Shell small, ovate, solid, distinctly broadly spirally lirate, and more or less distinctly axially costate on the spire-whorls. Sculpture consisting of broad and flattish spiral liræ, 3 on the penultimate, 9 to 10 on the body whorl, the interstices narrow, linear; they are crossed on the spire-whorls by flatly rounded axial ribs, about 12 on a whorl, which usually cut up the spirals into squarish nodules. Colour white, the spiral grooves purplish-brown, a few longitudinal narrow light-brown bands passing over the body-whorl and across the interstices of the axial ribs; aperture purple within, outer lip and columella white. Spire short, conic, about the same height as the aperture; outlines faintly convex. Protoconch very small, convex, of 1 ½ smooth whorls.
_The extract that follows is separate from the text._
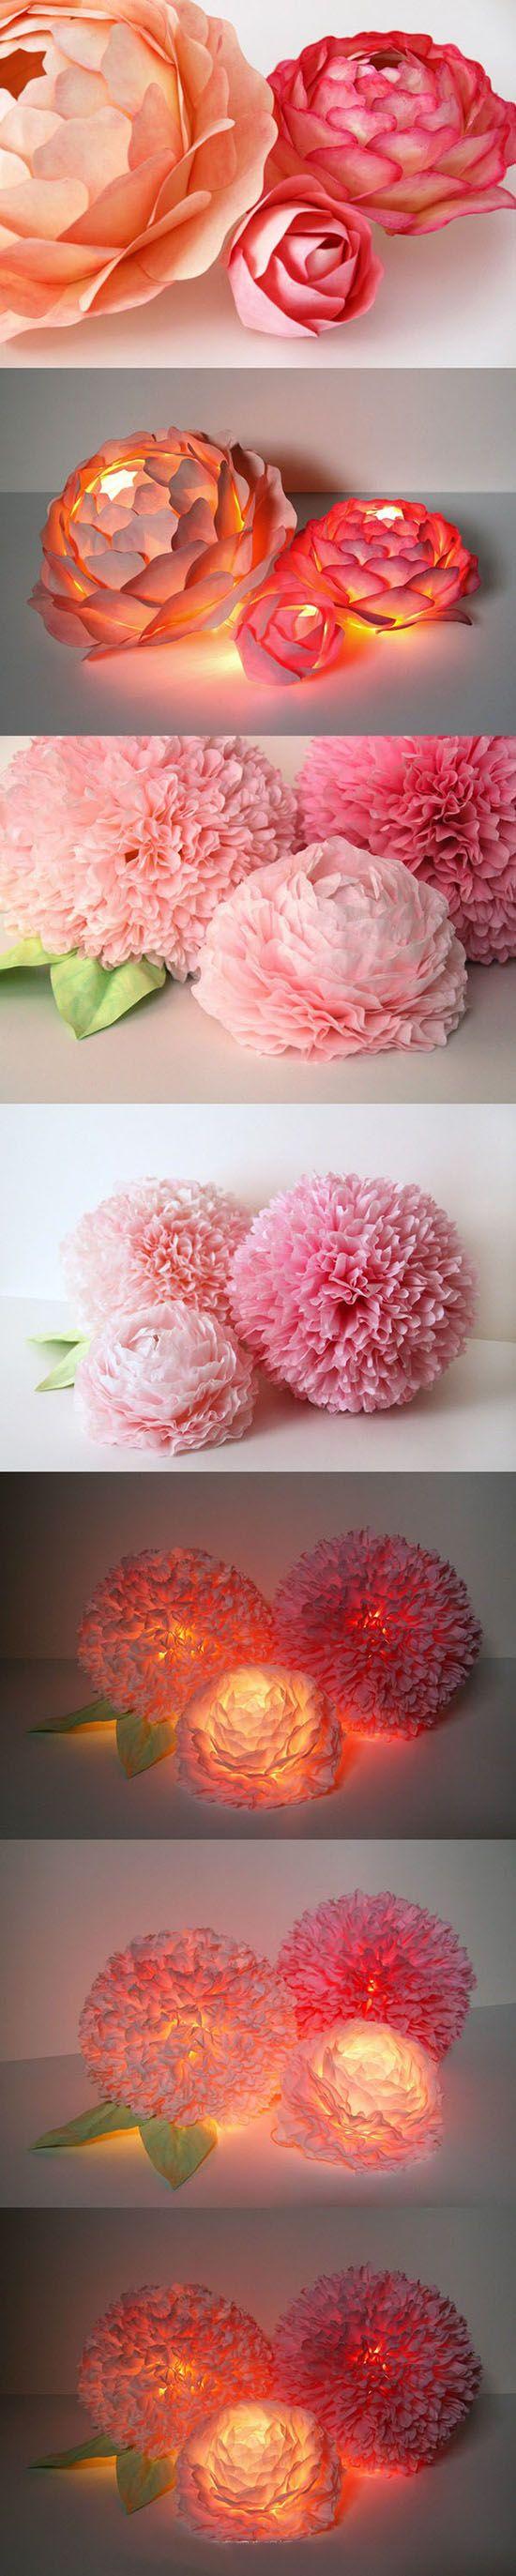 best crafts images on pinterest creative crafts crochet
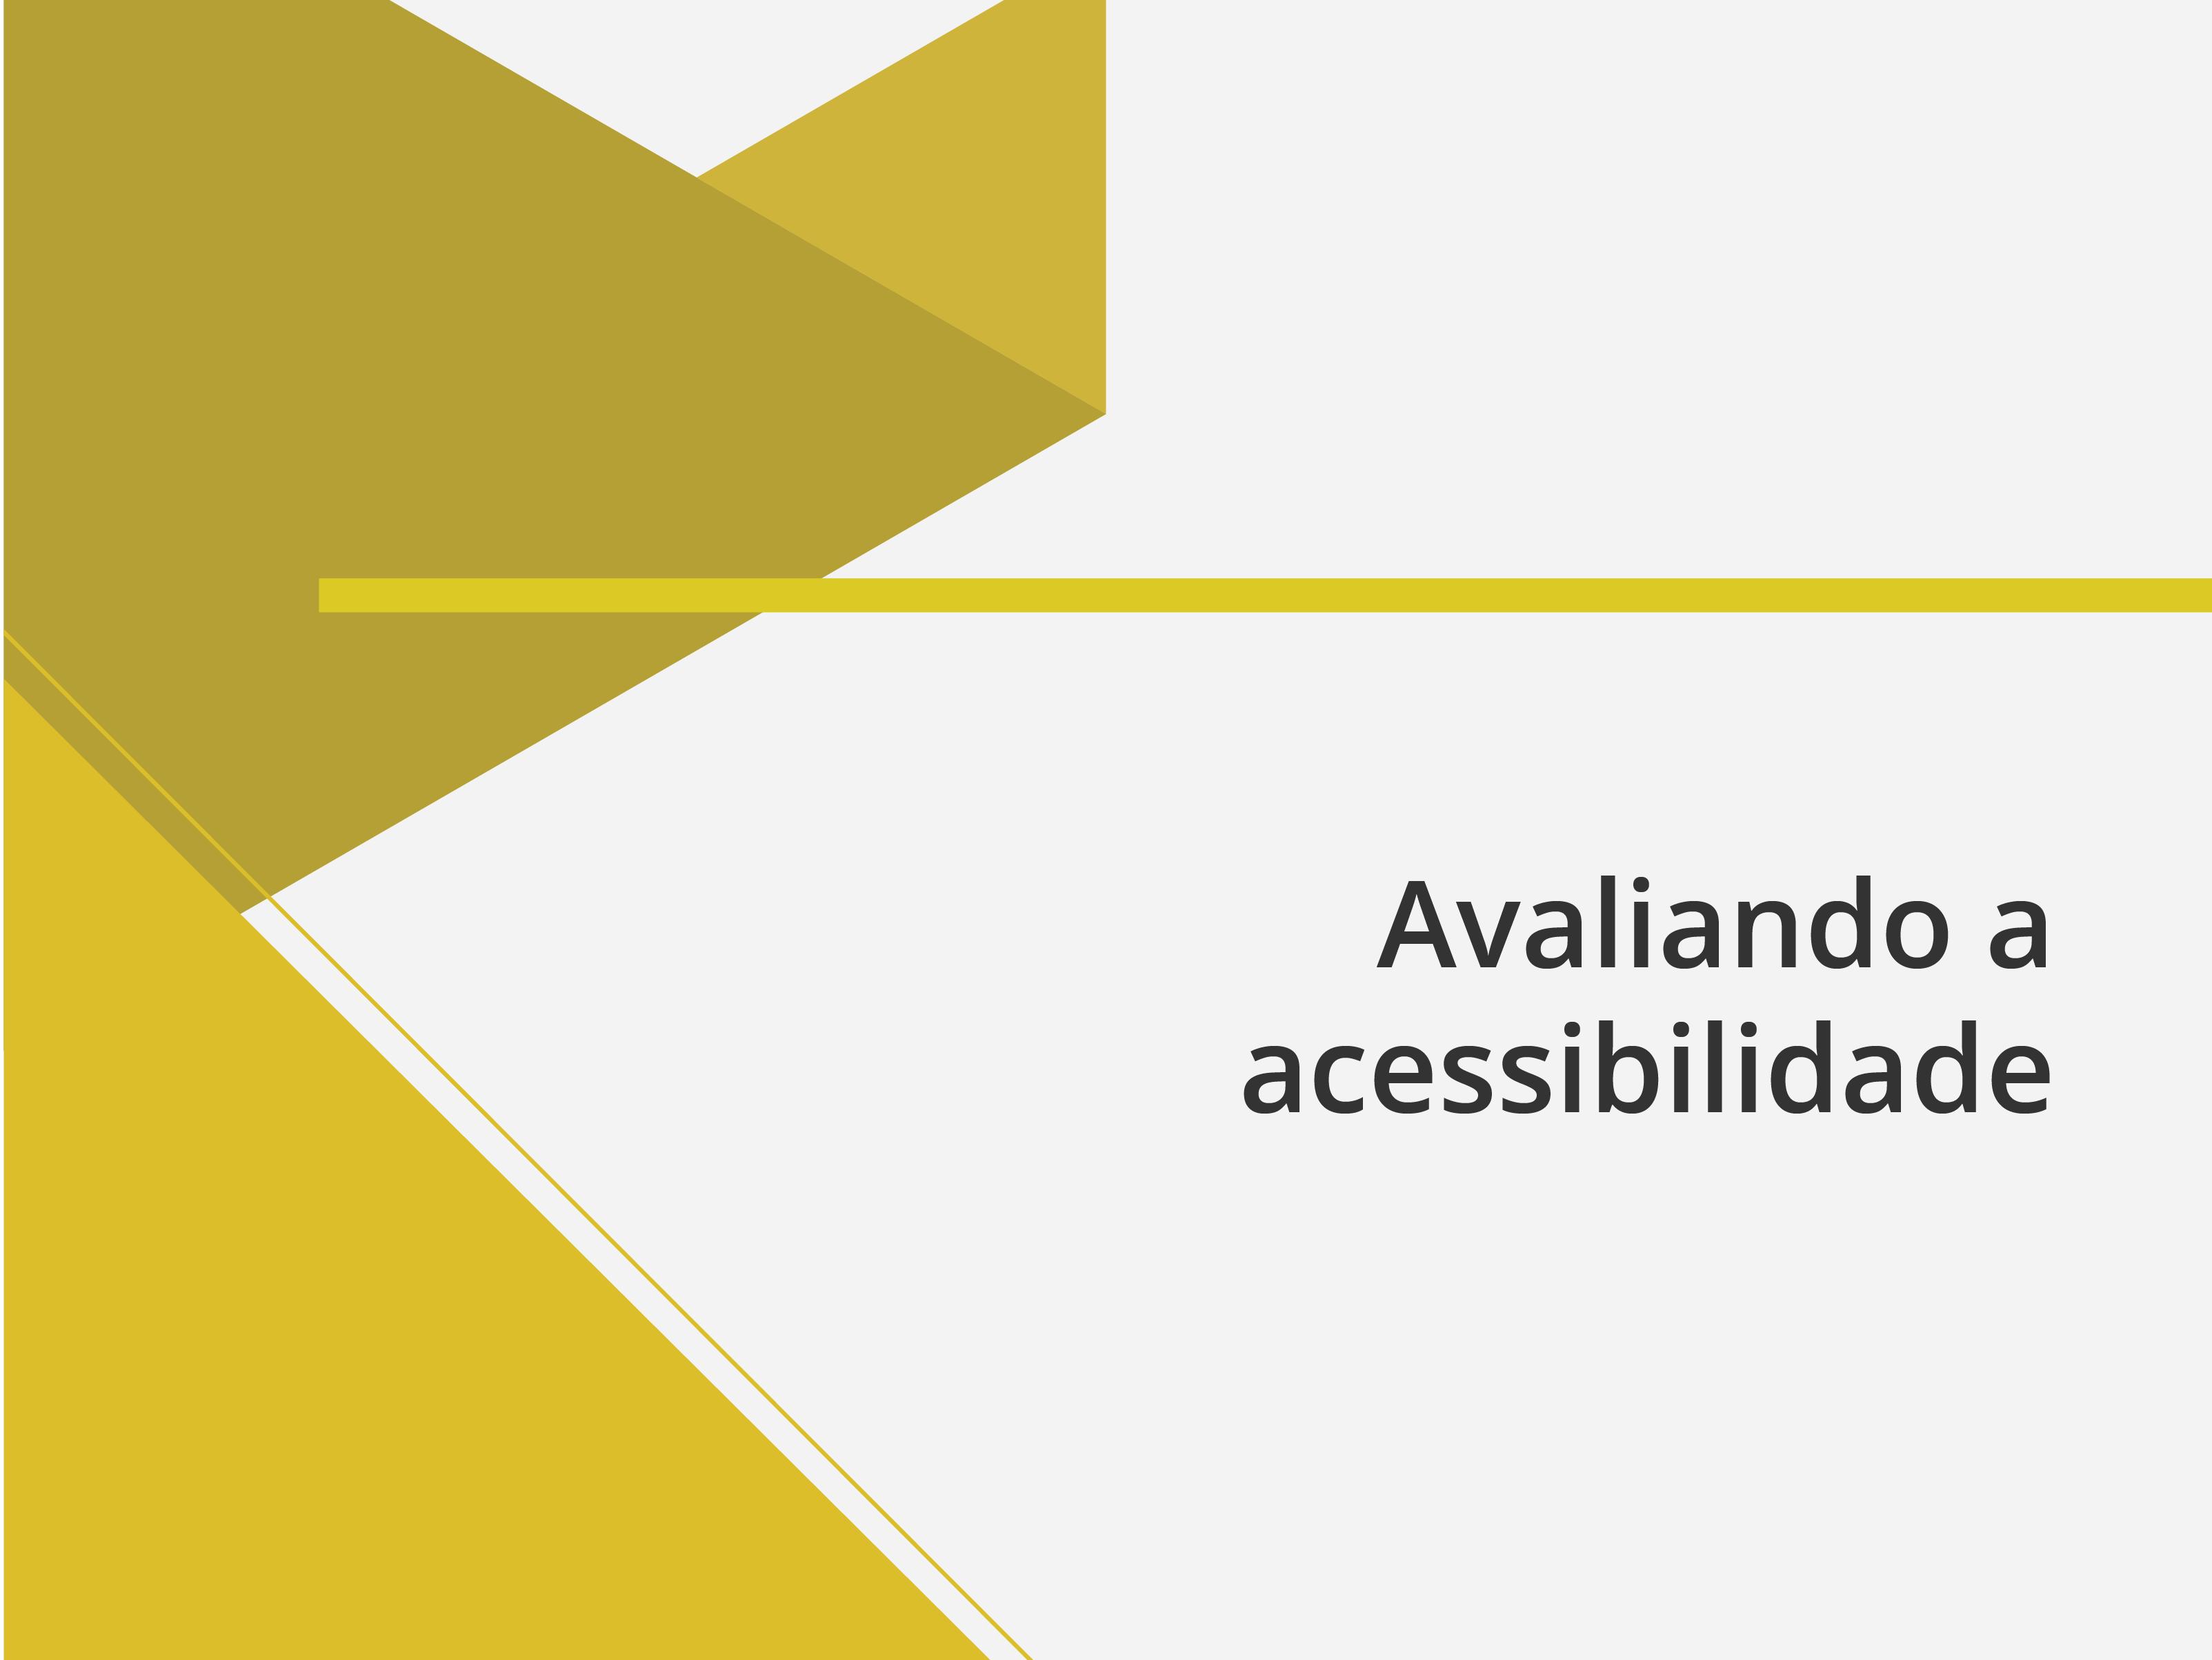 Banner avaliando a acessibilidade

Whorls 5, the last high, flattish; base lightly contracted. Suture not deep, uneven. Aperture somewhat oblique, narrowly channelled above, produced below into a short oblique and narrowly open canal, its base notched. Outer lip very thick, with a blunt edge and a broad varix on the outside; inside callous, denticulate-lirate. Columella vertical, lightly concave, with several ridges at its base; inner lip narrow, not distinctly bounded, extending over the concave parietal wall, which has one or two tubercular plaits above; at the base the lip is narrowed towards the canal. Operculum unknown.
Diameter, 10 mm.; height, 18 mm.
Type in the Dominion Museum, Wellington.
Hab.—East Cape Lighthouse.

Remarks.—This shell was first shown to me by Mr. Howard Hill, of Napier, who told me that the examples in his possession were collected by the late Rev. W. Colenso, the exact locality being unknown. It may well be that the species ranges from the East Cape down to Hawke's Bay.